Bob Lefsetz Power Top Ten-Midyear Edition

July 8th, 2008 · 1 Comment

1. Irving Azoff

In recorded music sales content is not king, distribution is king.  Irving controls superstar sales at Wal-Mart, the number one physical distributor.  And, as he’s been quoted ad infinitum, the digital sales at the iTunes Store for the Eagles suck, don’t equal those from one live performance, so what difference does online recorded music distribution really make?

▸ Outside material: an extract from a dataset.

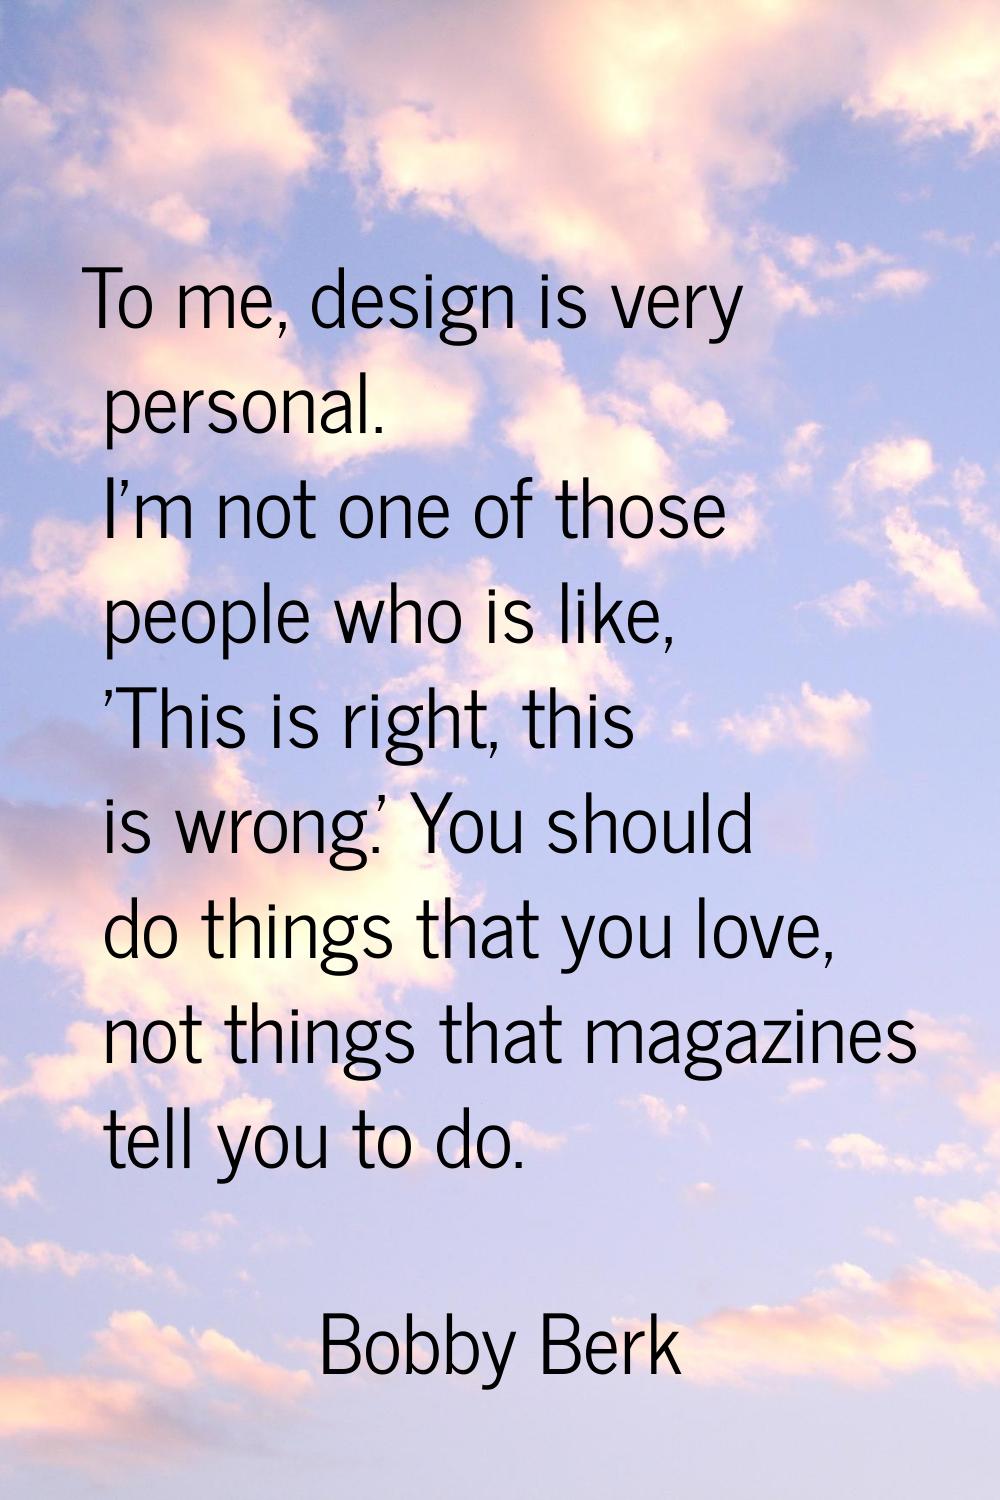 To me, design is very personal. I'm not one of those people who is like, 'This is right, this is wr

As for live distribution…  Let’s see, Irving built the AEG powerhouse and Live Nation needs his talent stable to make its numbers.  Furthermore, the power shifted from promoter to act thirty five years ago, when Led Zeppelin ruled the Earth and the 90/10 deal became standard.  And why not, a lot of the venues are open, anyone can book them, and unless you control all of them, an act can always find someone else to pony up the bucks, assuming AEG and Live Nation won’t.  And they will.

Content is truly king in the music business.  And Irving controls content.  Sure, Universal has got a phenomenal catalog, all the major labels do.  But although the records live on, in many cases, the acts do not.  The majors only get revenue from recording.  Whereas Front Line commissions EVERYTHING!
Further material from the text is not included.